- **Aim of the exercise**
Your copy of the data should match it exactly, leaving out only the pictures.

- **Input data**
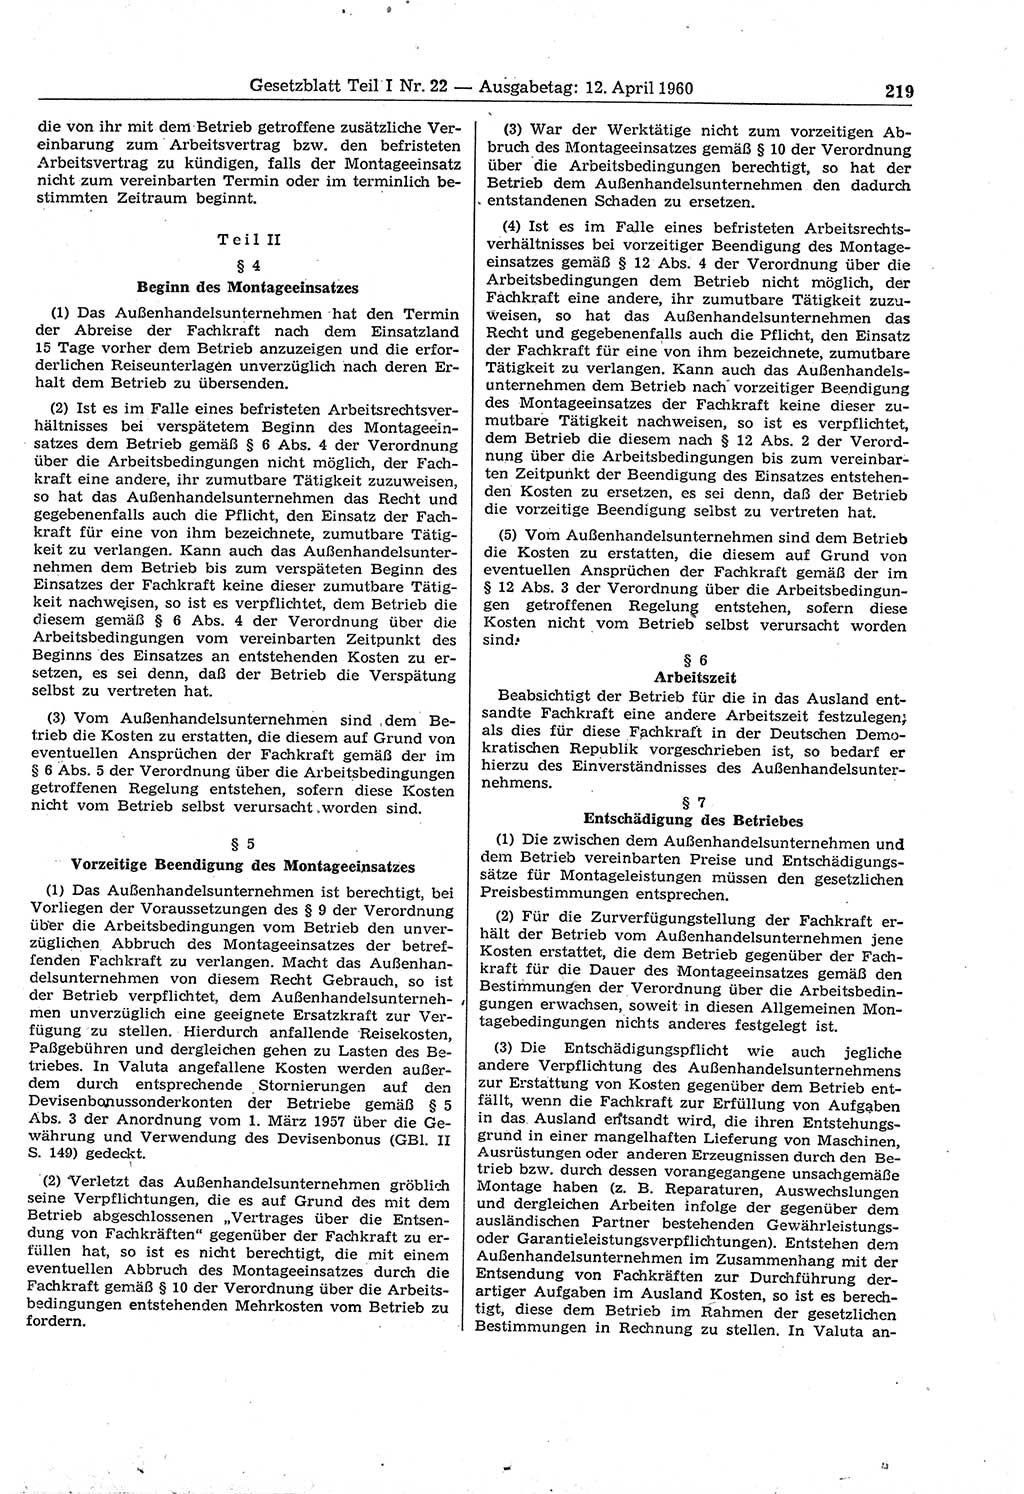 Gesetzblatt (GBl.) der Deutschen Demokratischen Republik (DDR) Teil Ⅰ 1960, Seite 219 (GBl. DDR Ⅰ 1960, S. 219)
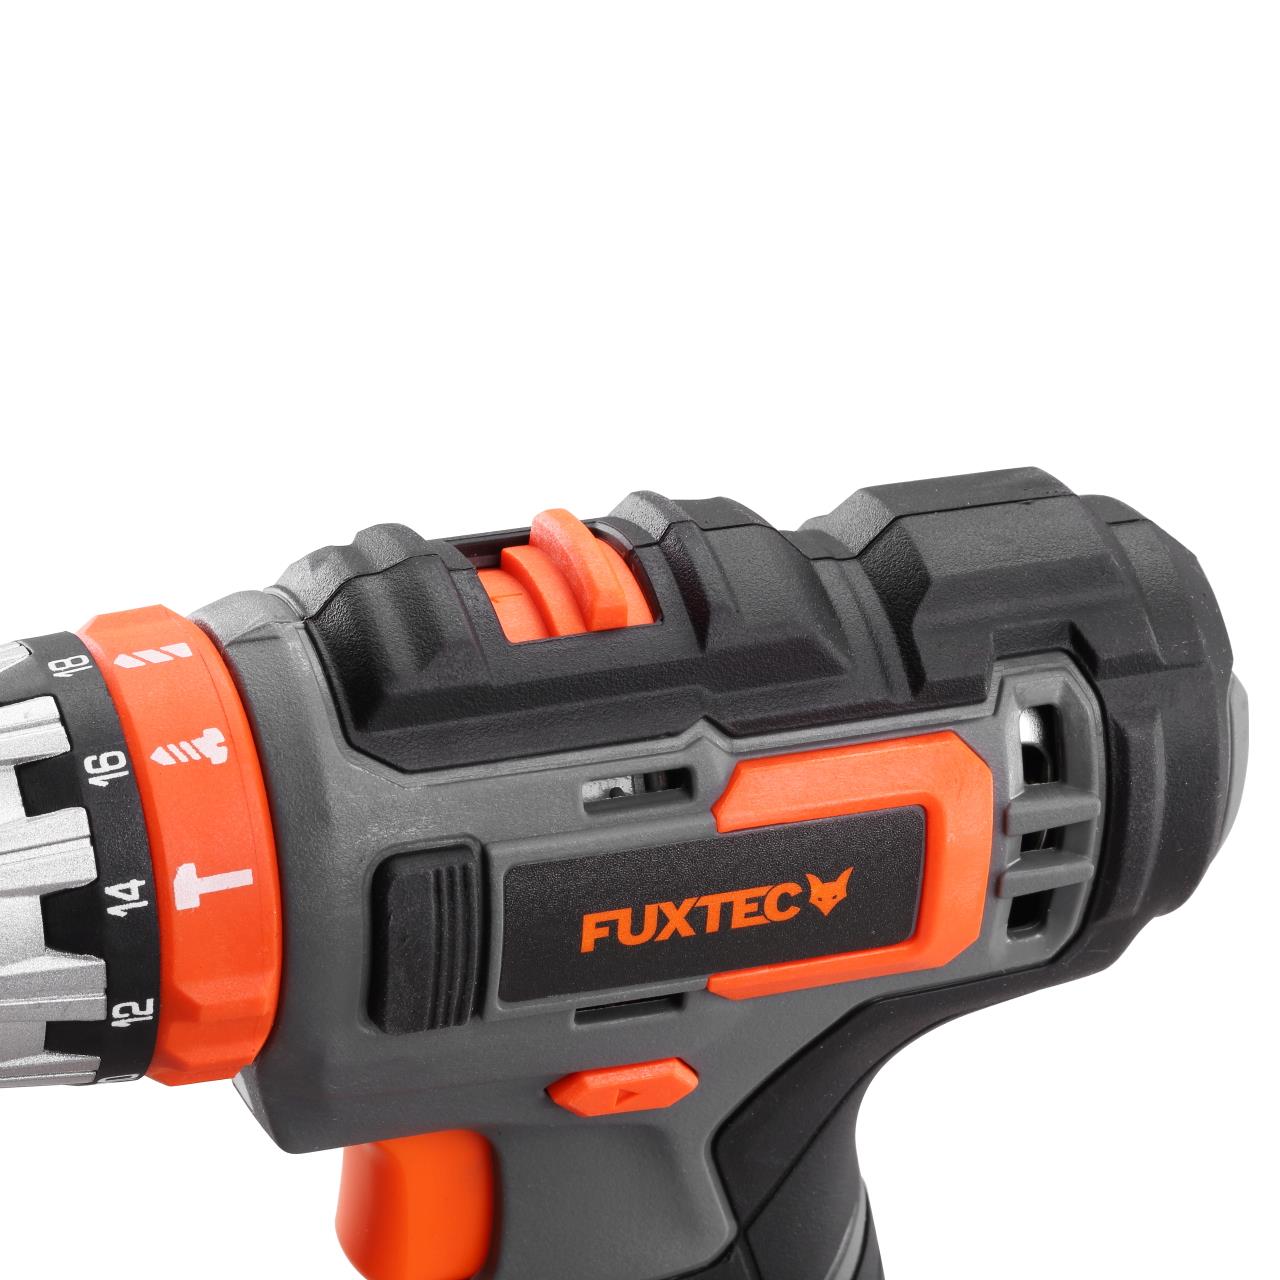 20V cordless impact drill/driver - kit FUXTEC E1SBS20
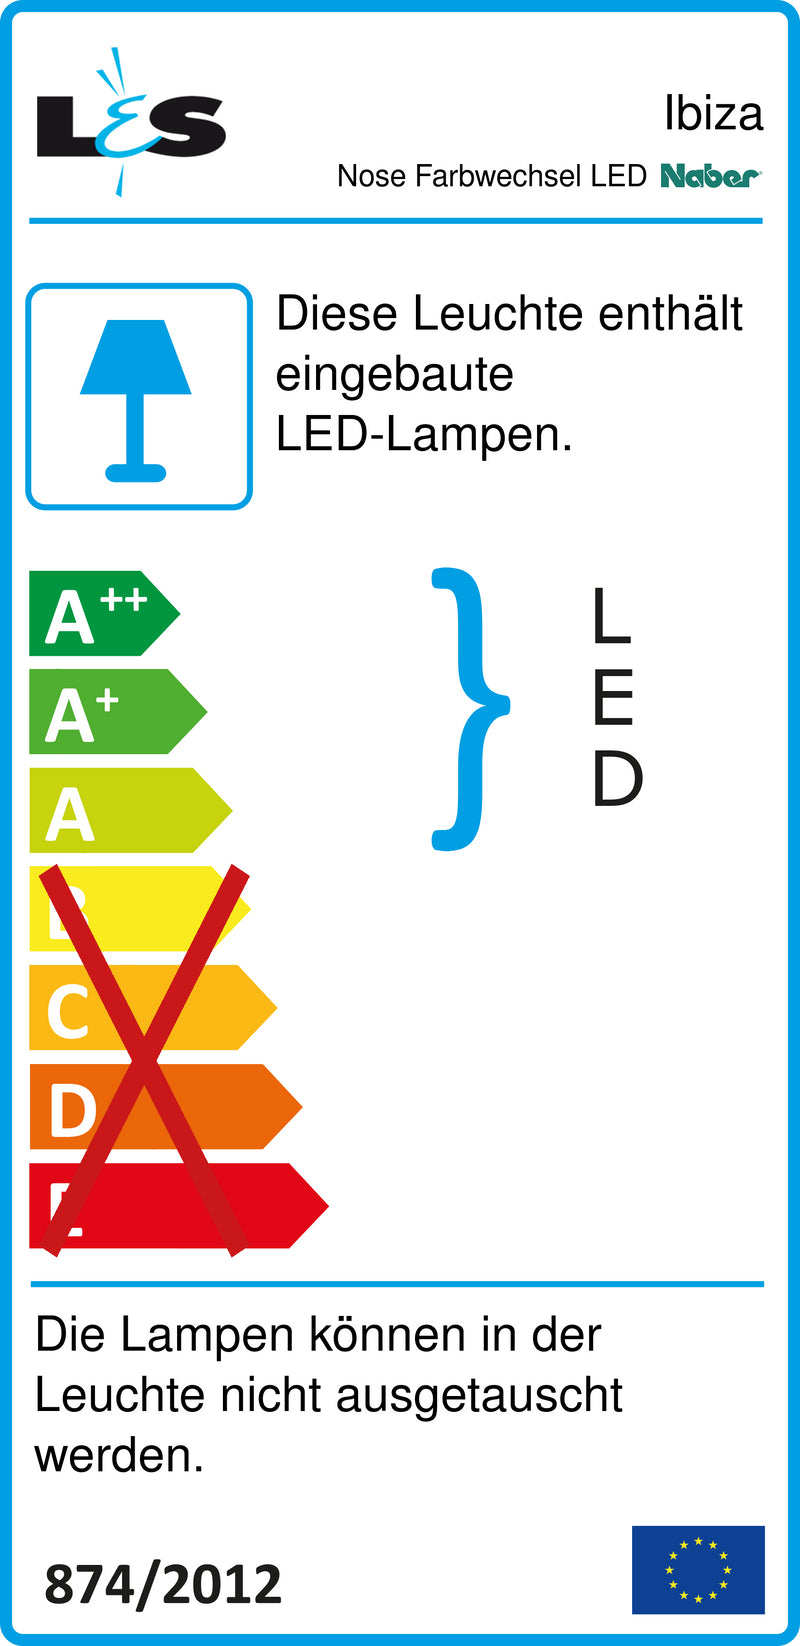 E-Label zu Zeichnung zu Nose Farbwechsel LED als Variante Einzelleuchte m. LED Touch S. D., edelstahlfarbig von Naber GmbH in der Kategorie Lichttechnik in Österreich auf conceptshop.at

- **Exercise result**
 Gesetzblatt (GBl.) der Deutschen Demokratischen Republik (DDR) Teil Ⅰ 1960, Seite 219 (GBl. DDR Ⅰ 1960, S. 219)
 20V cordless impact drill/driver - kit FUXTEC E1SBS20
 E-Label zu Zeichnung zu Nose Farbwechsel LED als Variante Einzelleuchte m. LED Touch S. D., edelstahlfarbig von Naber GmbH in der Kategorie Lichttechnik in Österreich auf conceptshop.at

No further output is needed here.